The Story

 I’ve never had a lot of friends or really clicked with anyone. I’ve always been awkward, shy, and highly avoidant and suspicious of people. I remember feeling so weird about life in seventh grade. But i couldn’t put my finger on what was wrong, and figured it was just some childhood angst and one day I’d find my place. 

I also remember the moment in ninth grade when I built my mask. My teacher casually stopped and asked how I was. I made the mistake of telling the truth, and rambled for a little bit, and then could tell by her face she wanted nothing to do with it. I realized most people don’t want to know you, or care about you, or want the truth. At the time, my thought was everyone else had a happy life, so caring beyond that was hard. Why bother, when things are perfect for you? Now, I think maybe people want to blend in. Or maybe I am still the odd one out and I just dwell on things too long. But that day, I put on my normal person mask and hid from the world. I could stab myself in the leg in the bathroom and come out with a smile and nod to my teacher and polite hellos. I was the quiet studious student who would probably go far academically. I did go far academically, and I have a great job, and I’m grateful. 

But as the mask was born, my inner turmoil only worsened and my poker face got better. I would tell my mom and my doctor something was wrong with me for years and no one would believe me. So I shoved my worries to the back of my mind. Nothing was wrong with me. Except that I was just wrong. I couldnt keep up on a social level. I graduated a year early, thinking I could get away from everyone and start over at school where no one knew me. I wasn’t the frail scared girl to bully and shove in lockers. To throw food at in the cafeteria. To stomp on her art portfolio in the hall. I could be someone new. With friends. But i can’t change me, and I felt no better. In fact, my self mutilation got worse. I began to have panic attacks and paranoia about being followed. I would hide in my room for days and not come out. My academics took a flip, and I struggled my way through. I didn’t care anymore. If I couldn’t change, what was the point of doing any of it.

I had my first suicide attempt. It was poorly thought out. I drank a bottle of nyquil and ate whatever over the counter pills I had, and ended up just throwing up and feeling awful for awhile. And lived on. I tried to date some people, but I was always distant and it caused so many issues. Even when I do care, I don’t know how to take off my mask and show it.

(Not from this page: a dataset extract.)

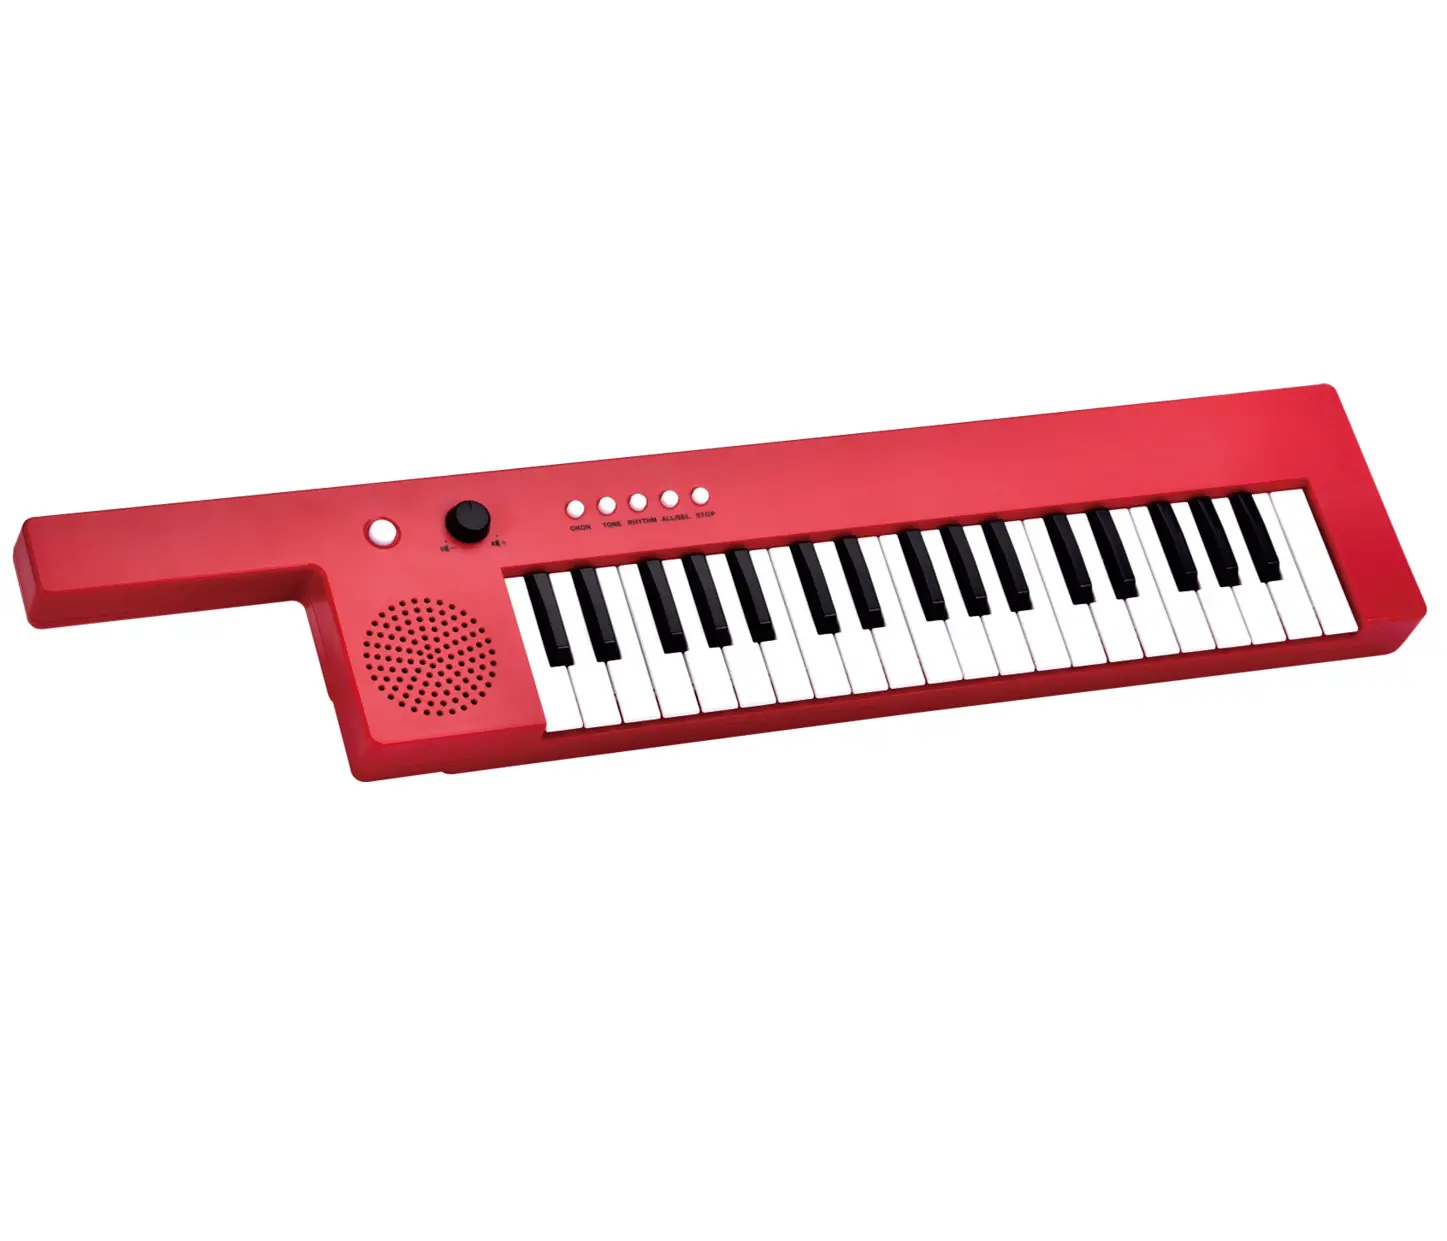 Çocuk elektronik org 37 anahtar oyuncak piyano klavyesi enstrüman müzik enstrümanı hediye

I joined a sorority, trying to force myself into friendships and somehow make myself  feel less empty. These people only made me more unhappy. 

Honestly college became a big miserable blur of failure at this point. 

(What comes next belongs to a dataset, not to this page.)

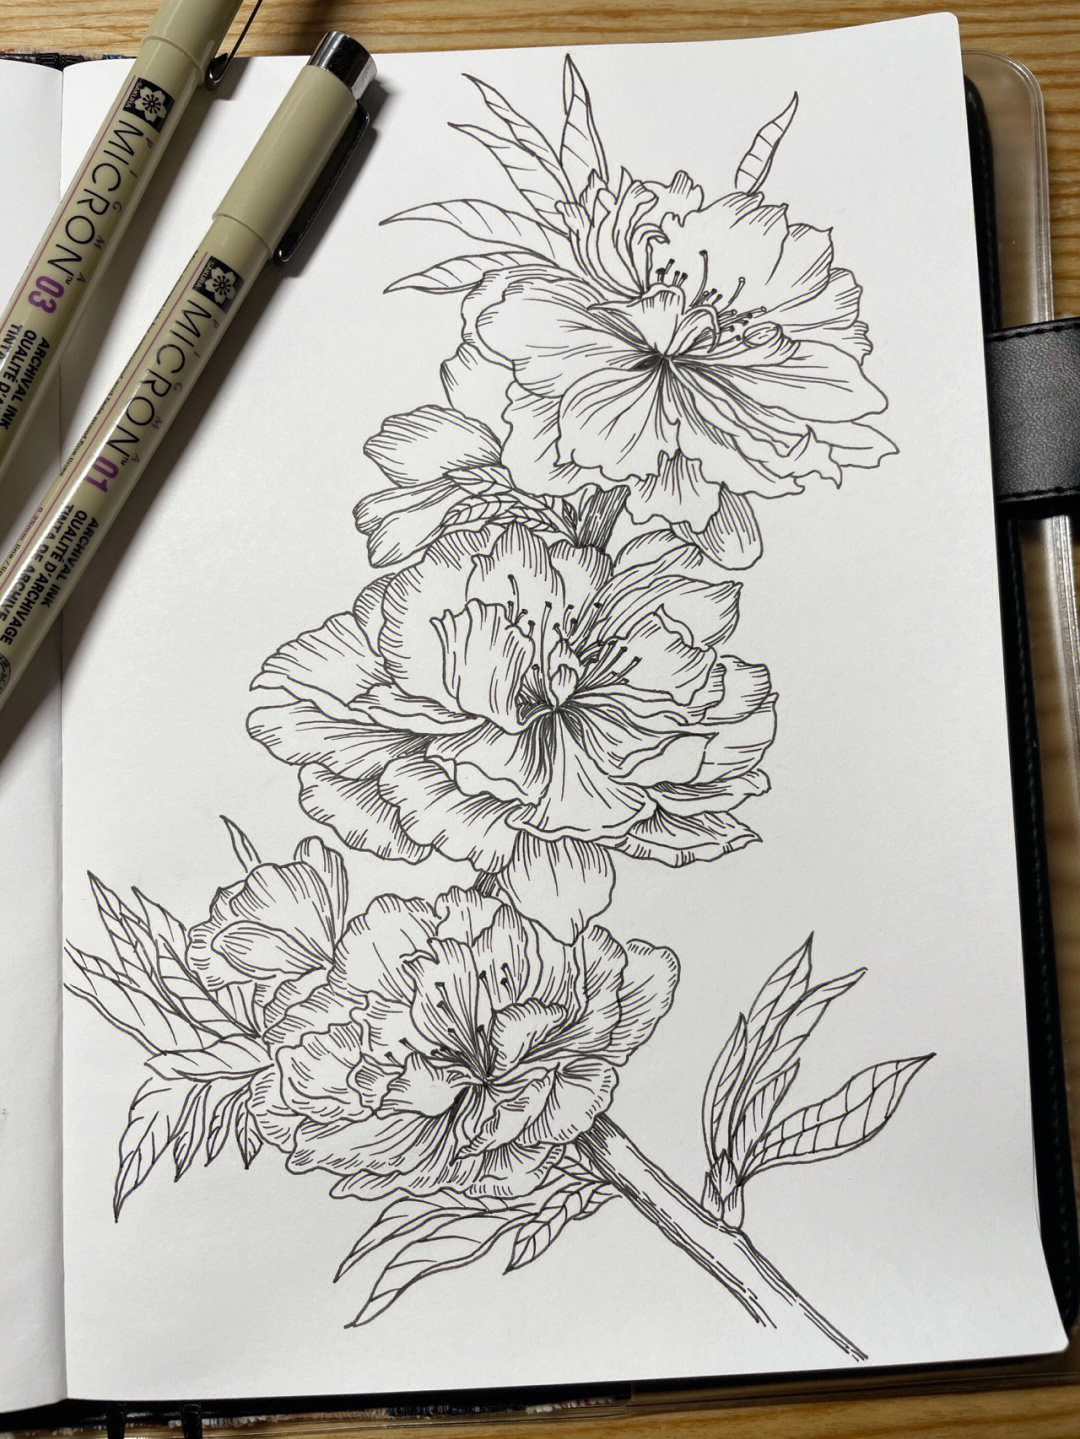 针管笔手绘花卉临摹碧桃附过程

The next memorable event happened when I said some goodbyes, shut off my phone, and left in the middle of winter. I was going to jump off a parking garage. I had researched how many floors you needed to possibly die, how to try and plant your body for maximum impact. I was ready. I walked out with a pack of cigarettes and watched everyone for one last time. But i noticed more police on campus than usual, and started to fret about being seen. I hid and ran around campus for a long time until they found me. I was immediately dropped into an ambulance and taken to an er where I spent the next few days. I just remember sleeping. I tried to talk my way out of being admitted but they saw through me. 

So I spent some time in a psych ward. It was more like the movies than I expected. I learned about how bad I could get if I continued the way I was. When you want to jump off a parking garage, you don’t think it can get much worse. But being there, I saw it could. It was just a sentence I had to serve until I could get out and put some semblance of a human back together, graduate, and try to start over yet again. 

And here I am. Graduated. And trying to find my way, feel a little less empty, less lonely, and maybe make a friend. Or get a hobby. So far my hobby is crazy cat lady and trying to keep a schizophrenic herding dog occupied. Go me

3 thoughts on “The Story”

  1. I could lie and say that you’re wrong about how people are. Sure, not everyone is living happy, fulfilled lives. But I feel like most are. Maybe you have identity issues, maybe you dont. You’re still so young so I don’t expect you to have it all figured out. My suggestion: travel the world, and travel it alone. Consider it a journey of self reflection. Even if you don’t enjoy the environment you’re in, chances are there is a place in the world for you to feel fully alive. Do everything in your power to find it.

  2. Thank you for the advice. I would love to travel. Right now, I feel like I am just some bipolar girl. But that doesn’t make me. I just want to be Sandy. Except I have spent so much of life either trying to destroy it, or trying to scrape by, that right now I feel like it is defining me. I want to start enjoying my life instead and make my struggles a background picture. I always feel I don’t belong and have this urge to run. It results in many hour road trips to go nowhere. It would be amazing if I find a place where I can be without having to run or hide.